Work item:
The entries are to be duplicated exactly, though any picture in them must be omitted.

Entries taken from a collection
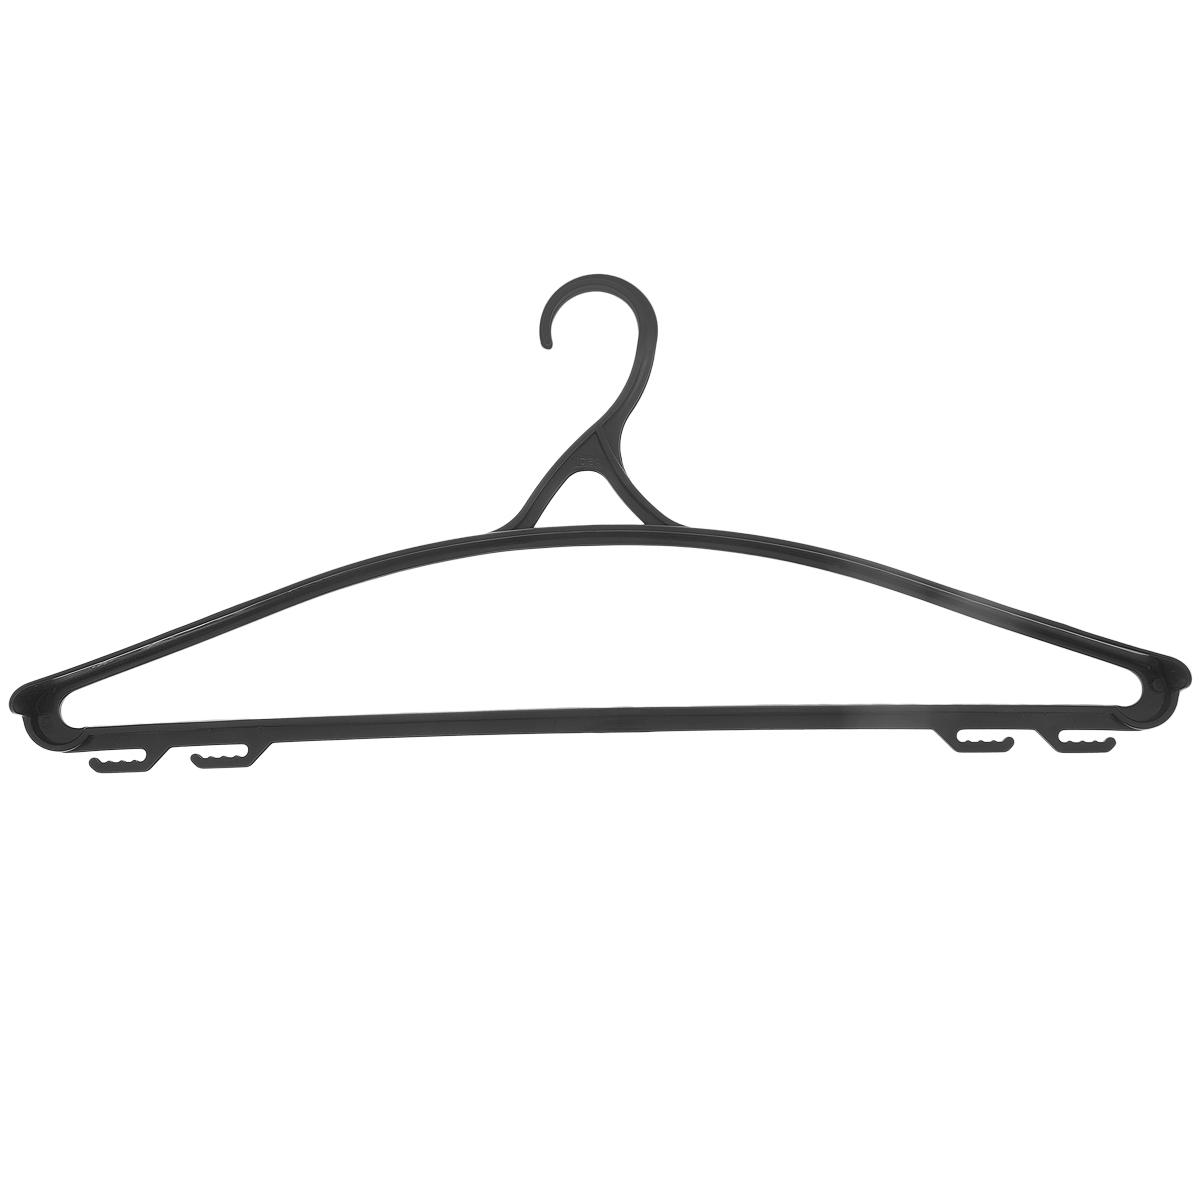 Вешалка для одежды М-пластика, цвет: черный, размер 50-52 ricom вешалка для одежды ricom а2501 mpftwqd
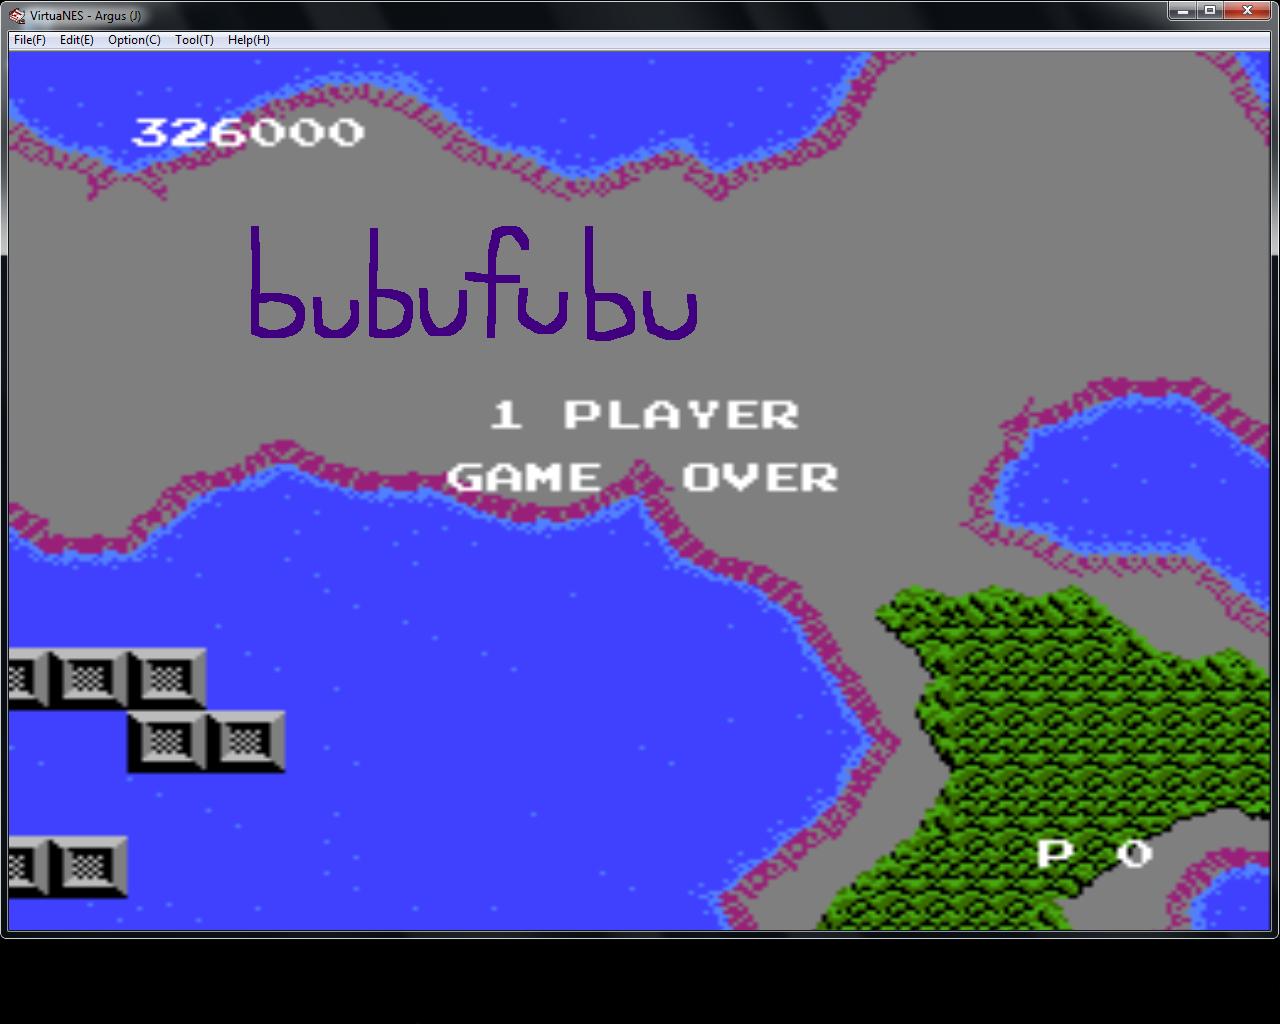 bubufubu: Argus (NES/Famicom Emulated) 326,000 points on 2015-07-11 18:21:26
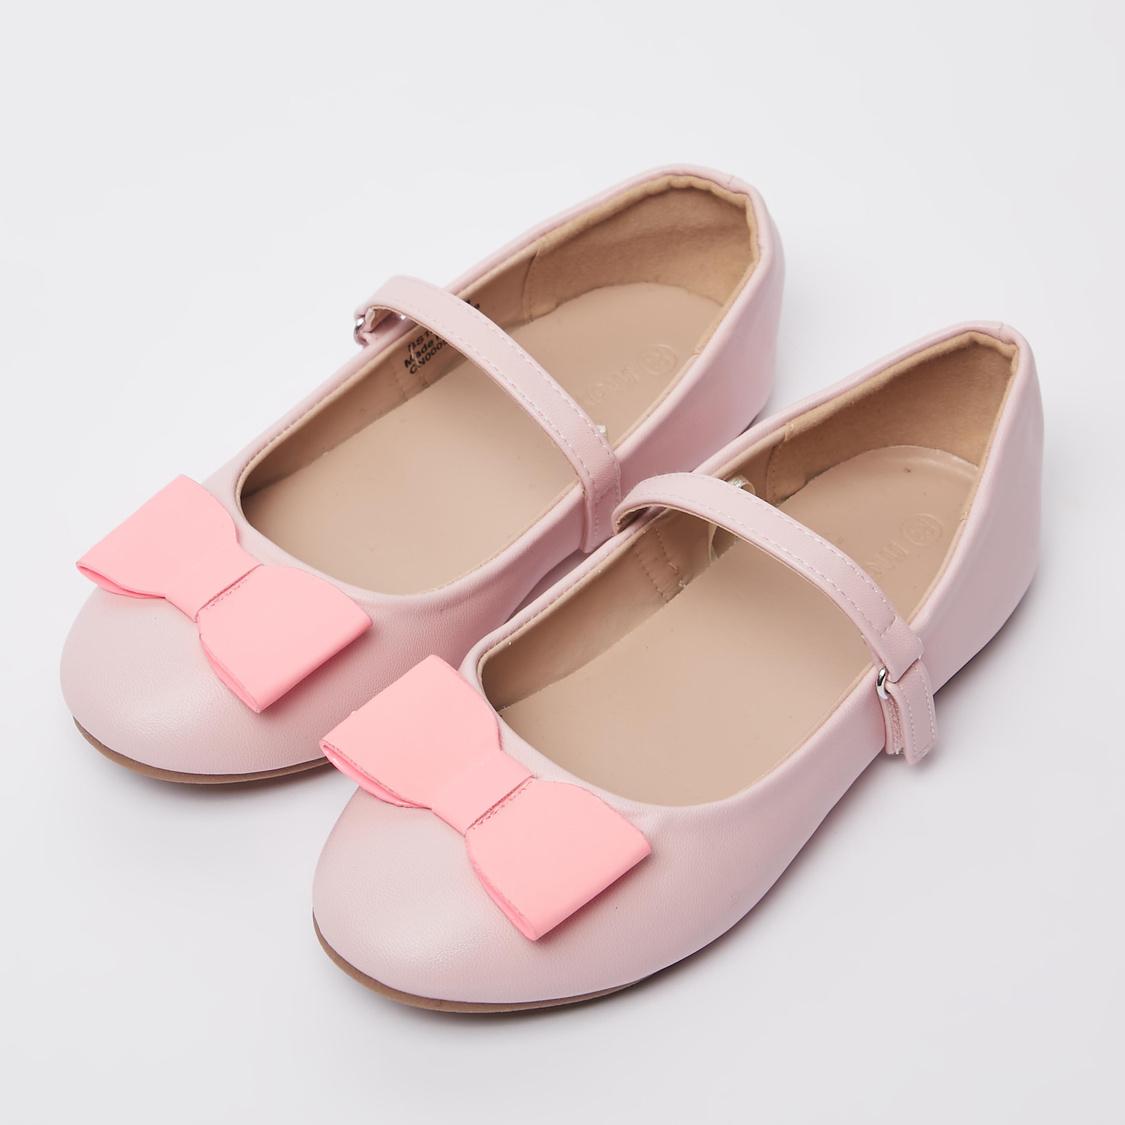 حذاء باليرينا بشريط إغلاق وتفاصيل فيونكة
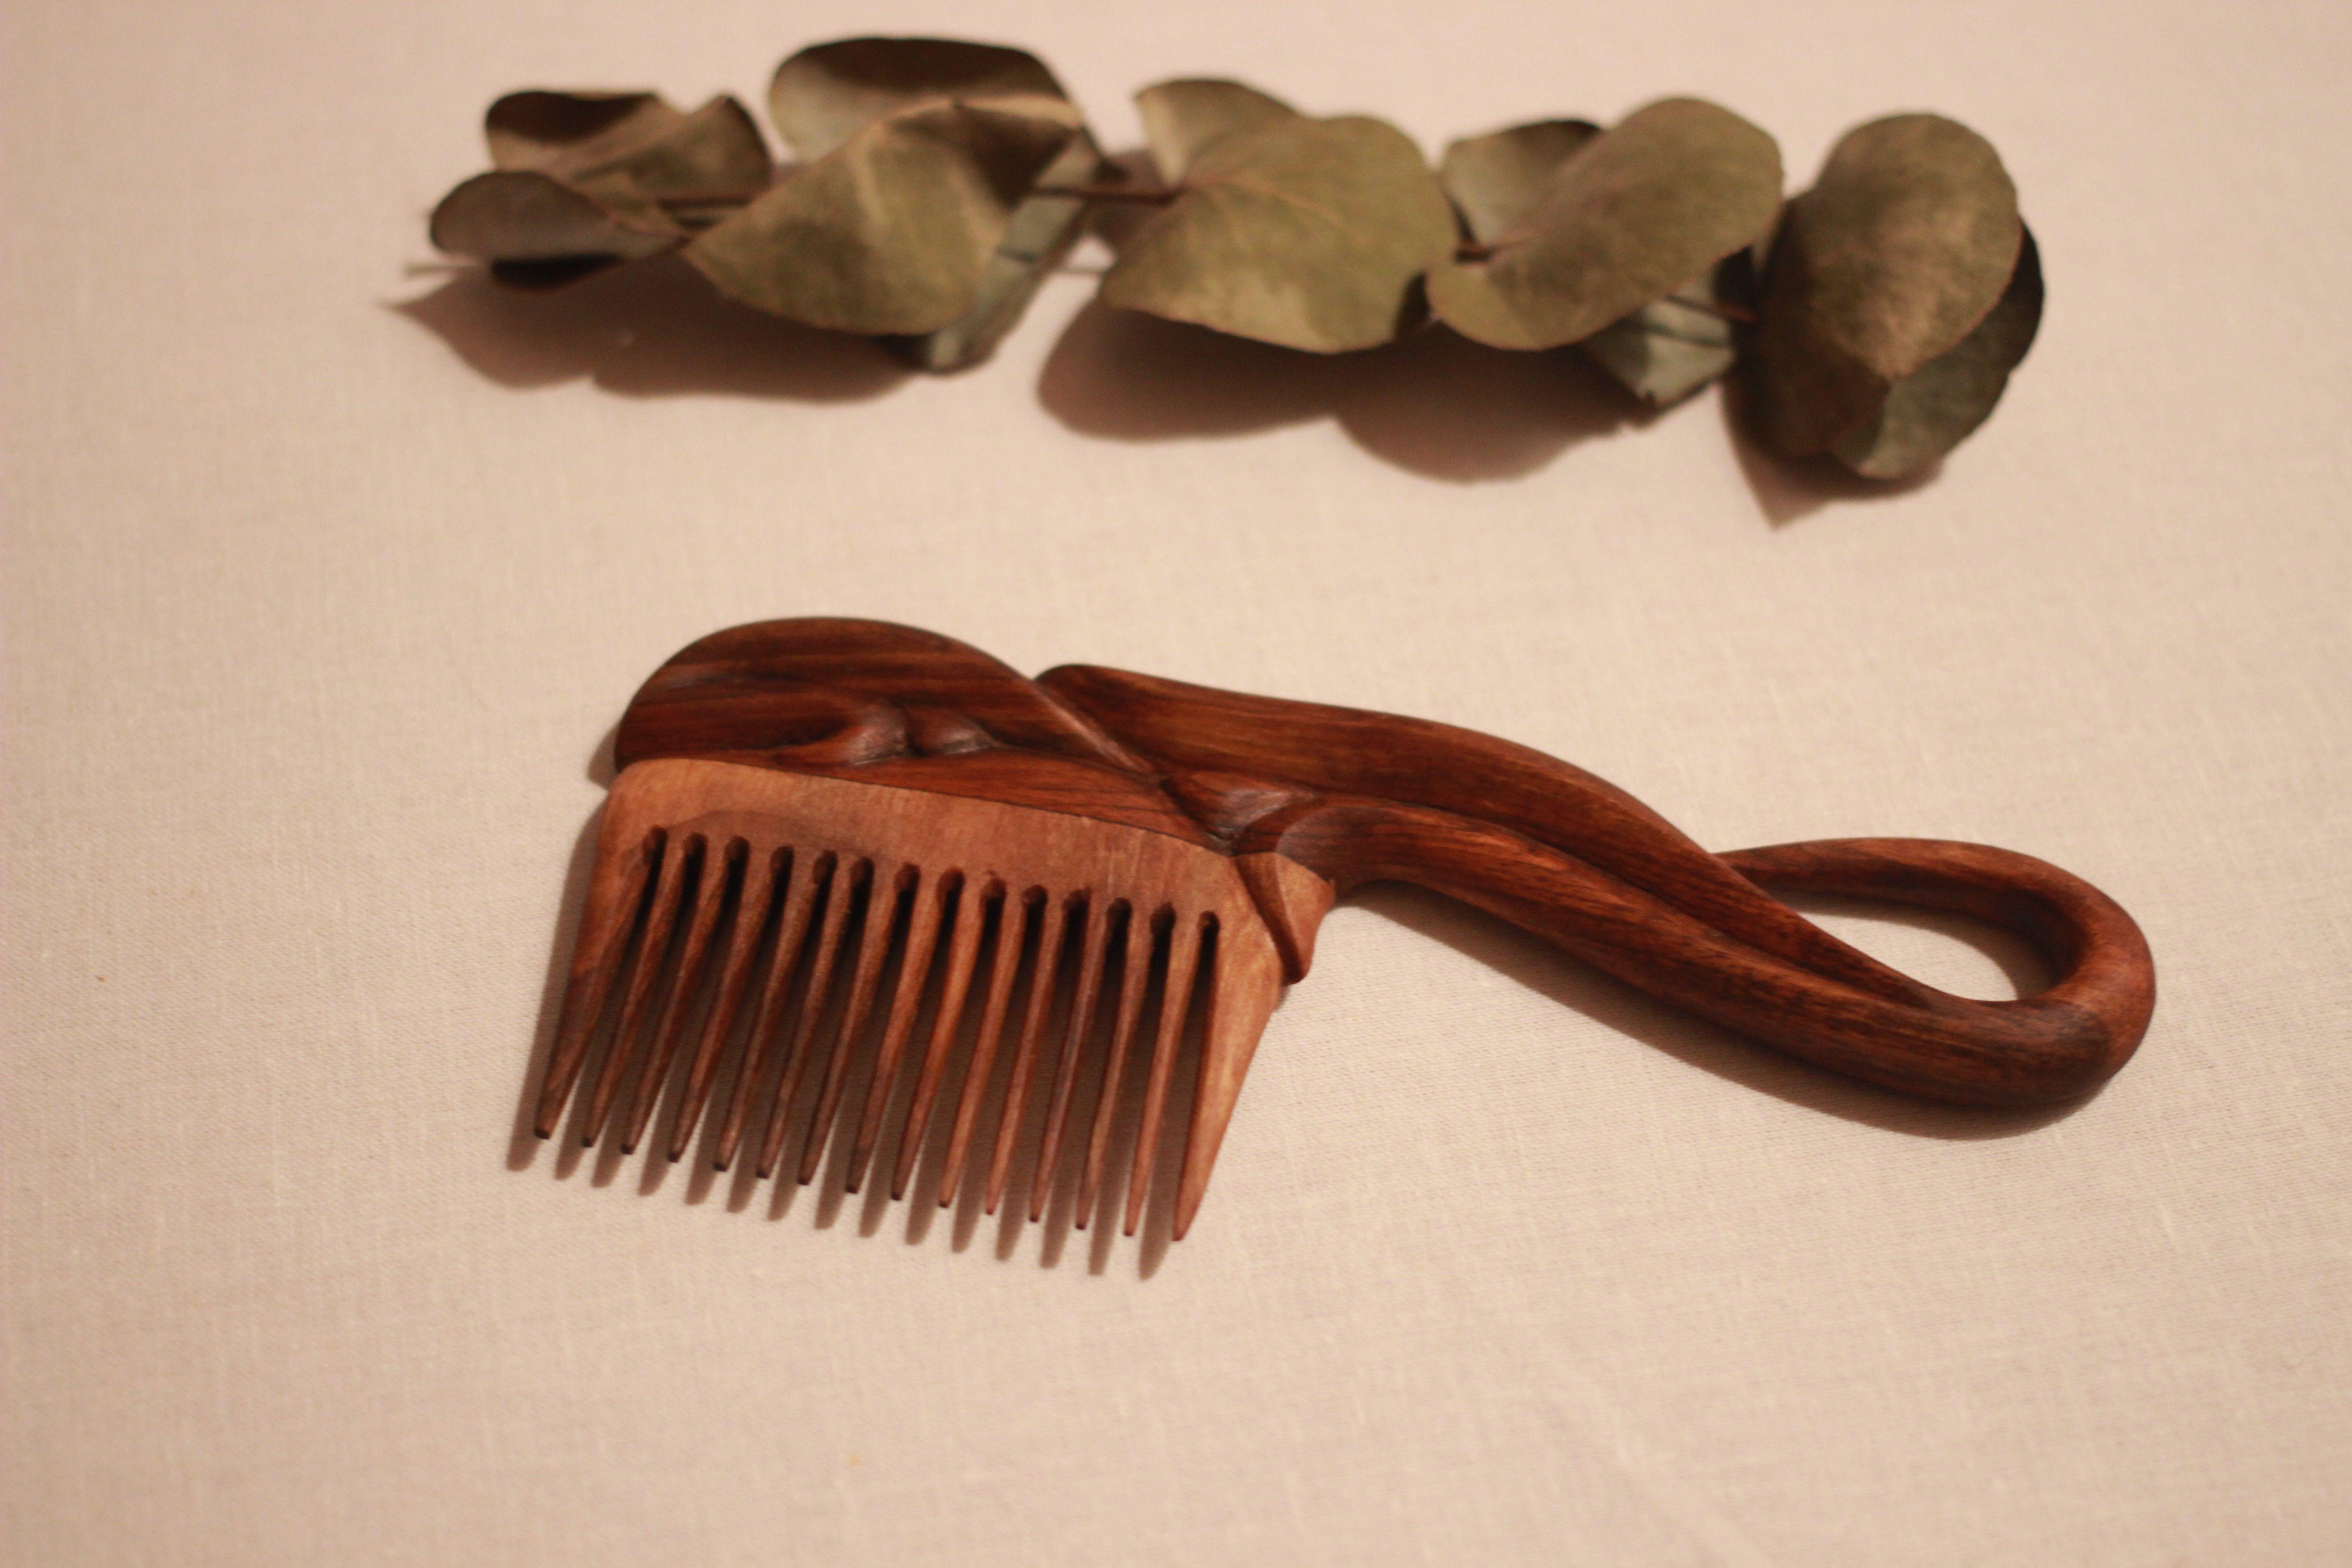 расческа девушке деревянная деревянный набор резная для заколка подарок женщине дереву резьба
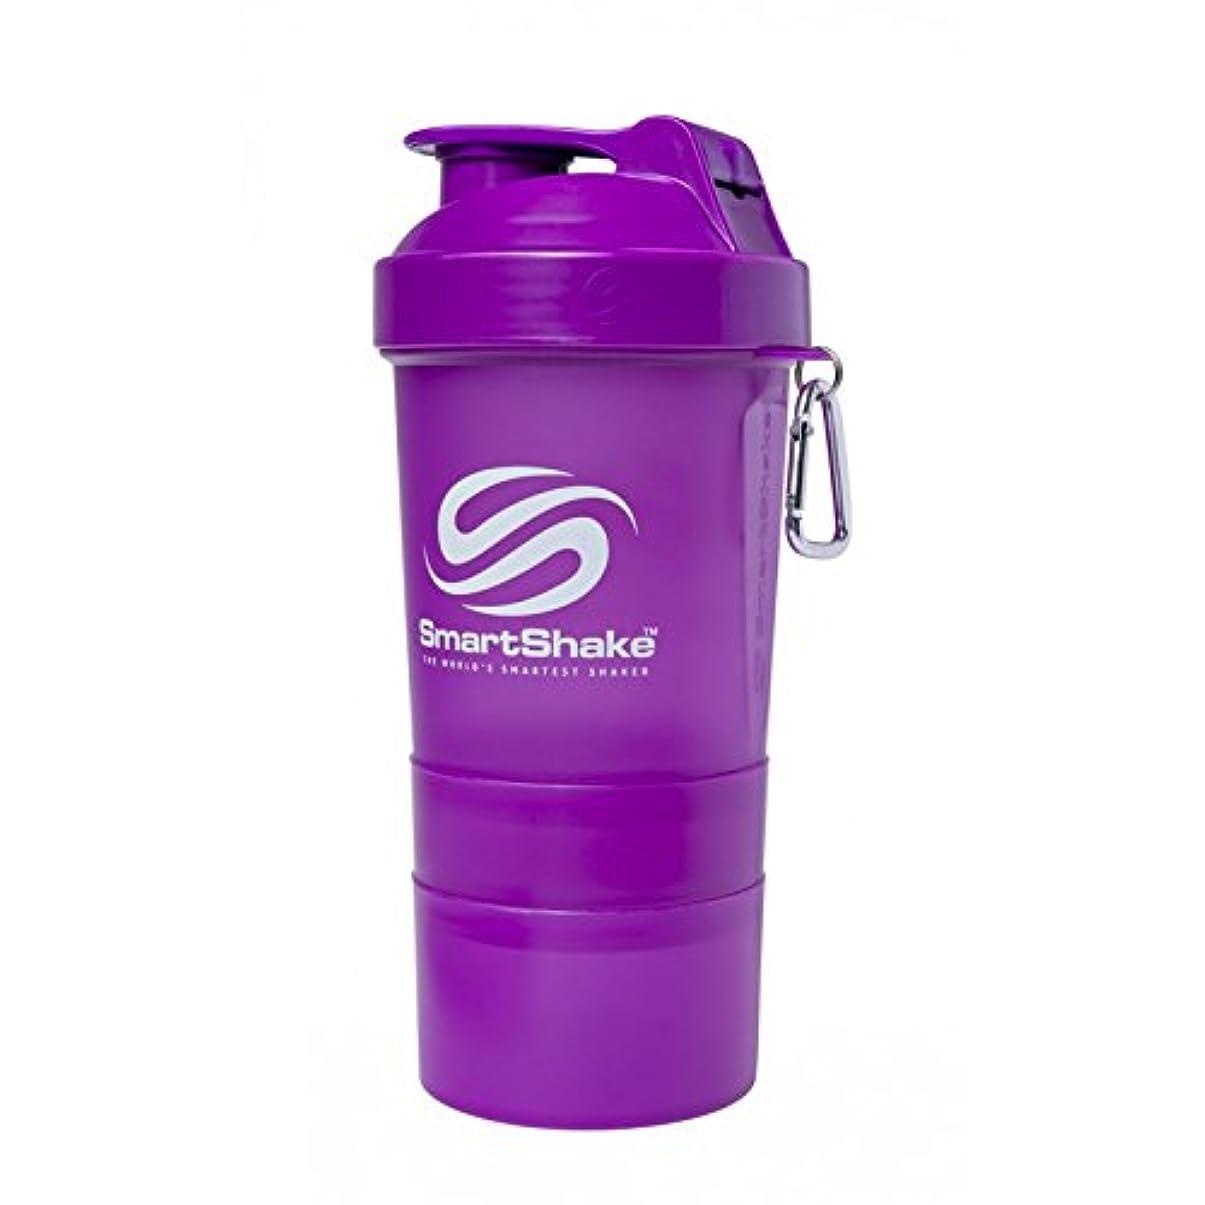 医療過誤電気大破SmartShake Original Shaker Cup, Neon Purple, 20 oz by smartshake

Your solution:
 Вешалка для одежды М-пластика, цвет: черный, размер 50-52 ricom вешалка для одежды ricom а2501 mpftwqd
 bubufubu: Argus (NES/Famicom Emulated) 326,000 points on 2015-07-11 18:21:26
 حذاء باليرينا بشريط إغلاق وتفاصيل فيونكة
 расческа девушке деревянная деревянный набор резная для заколка подарок женщине дереву резьба
 医療過誤電気大破SmartShake Original Shaker Cup, Neon Purple, 20 oz by smartshake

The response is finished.